Please give back each line of the material unchanged, but without the images.

DATASET EXTRACT:
*** Begin section ***
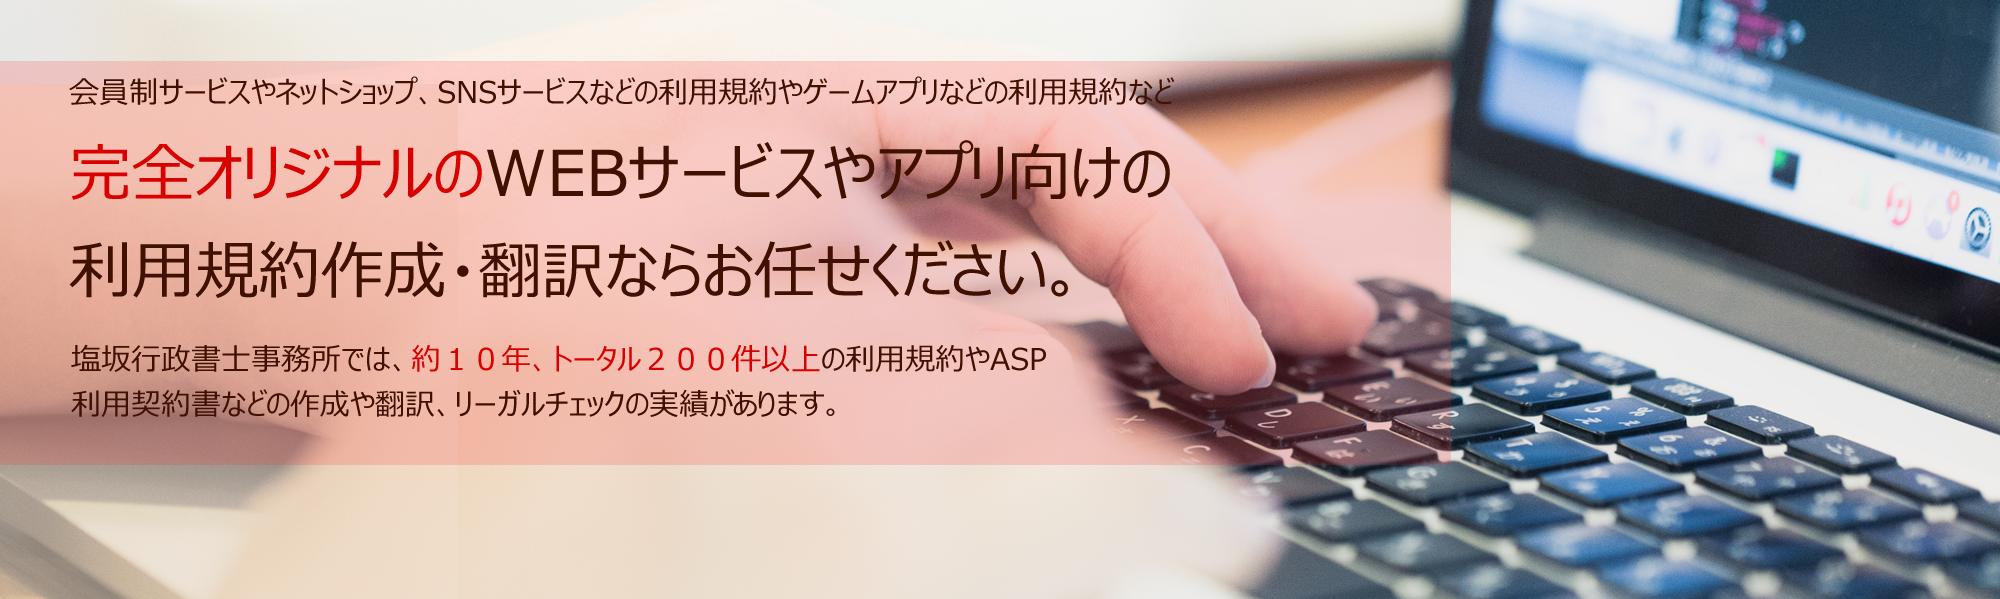 完全オリジナルの利用規約の作成・翻訳
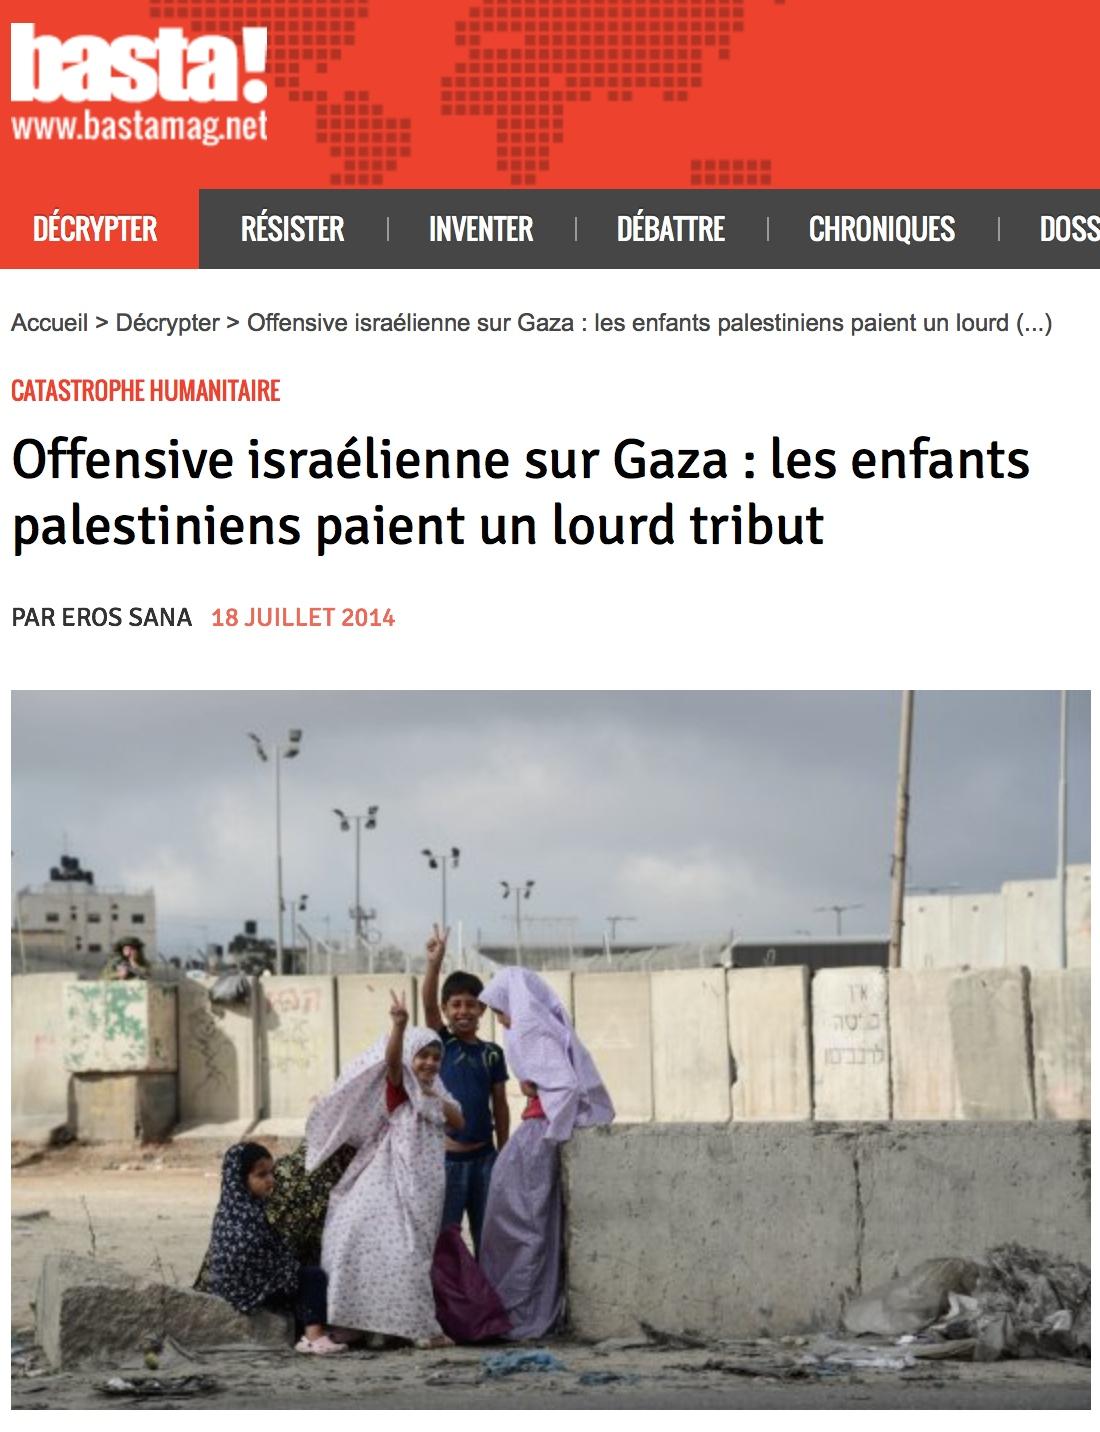 Offensive israélienne sur Gaza
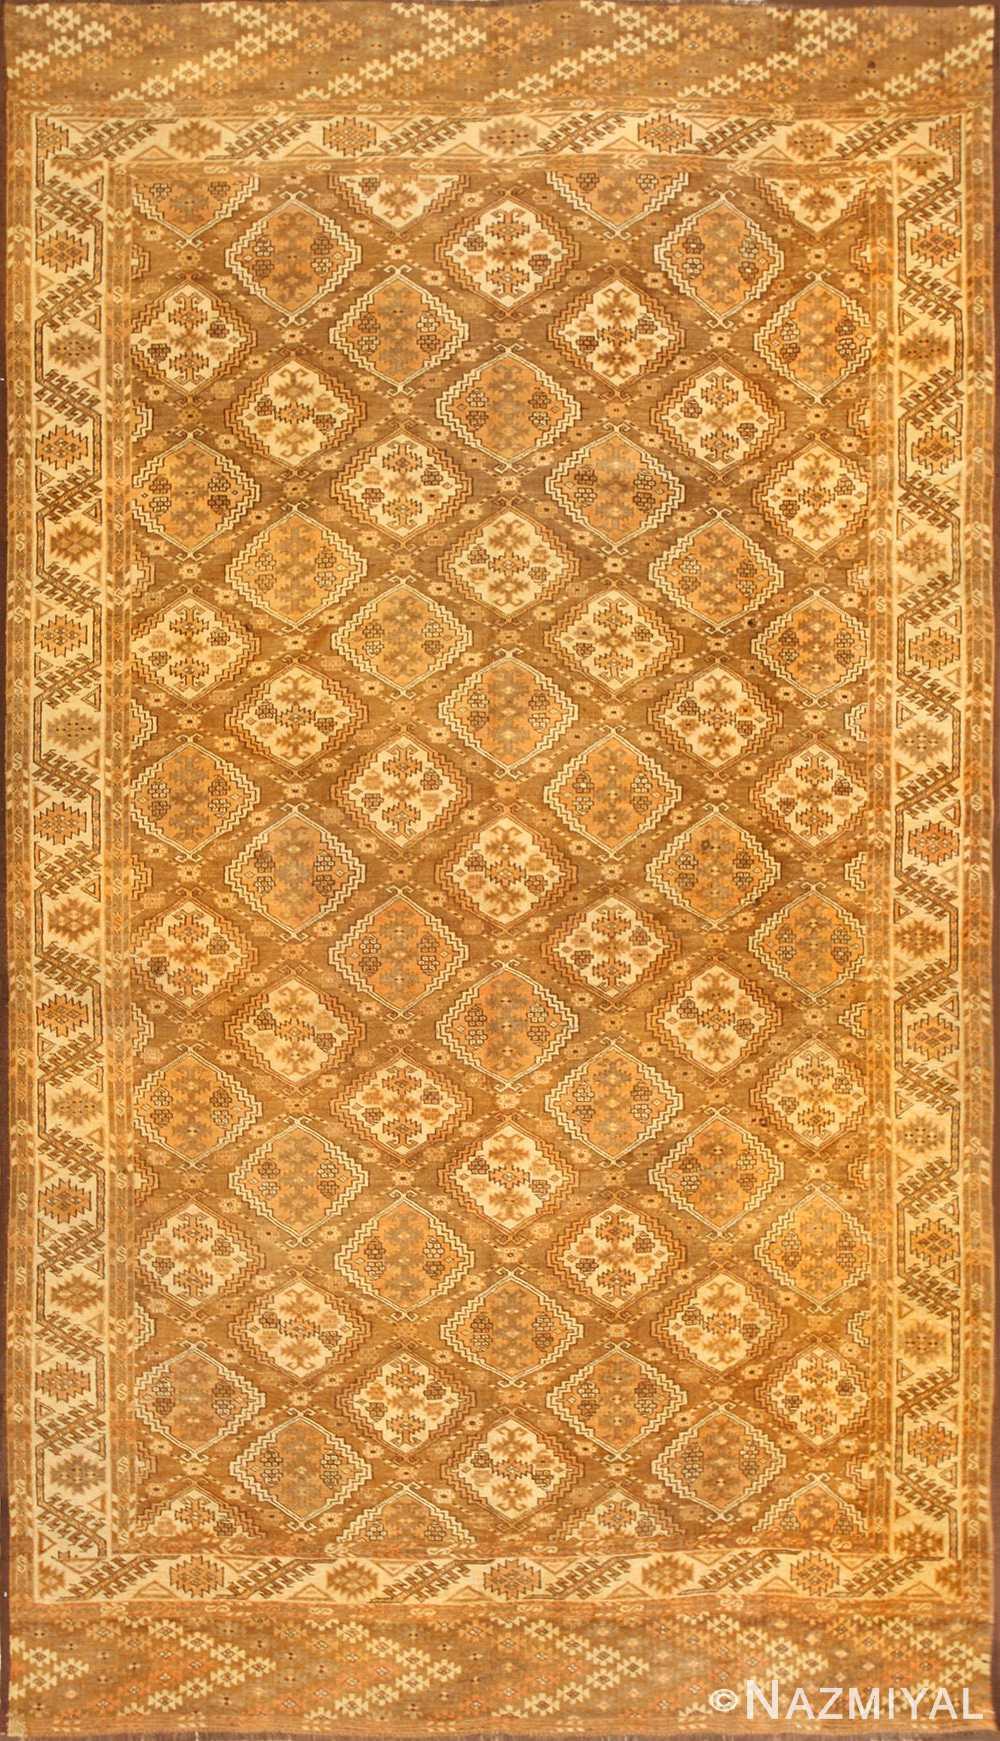 Vintage Afghan Rug 50500 Detail/Large View
*** End section ***
ANSWER SPACE:
 完全オリジナルの利用規約の作成・翻訳
 Offensive israélienne sur Gaza
 Vintage Afghan Rug 50500 Detail/Large View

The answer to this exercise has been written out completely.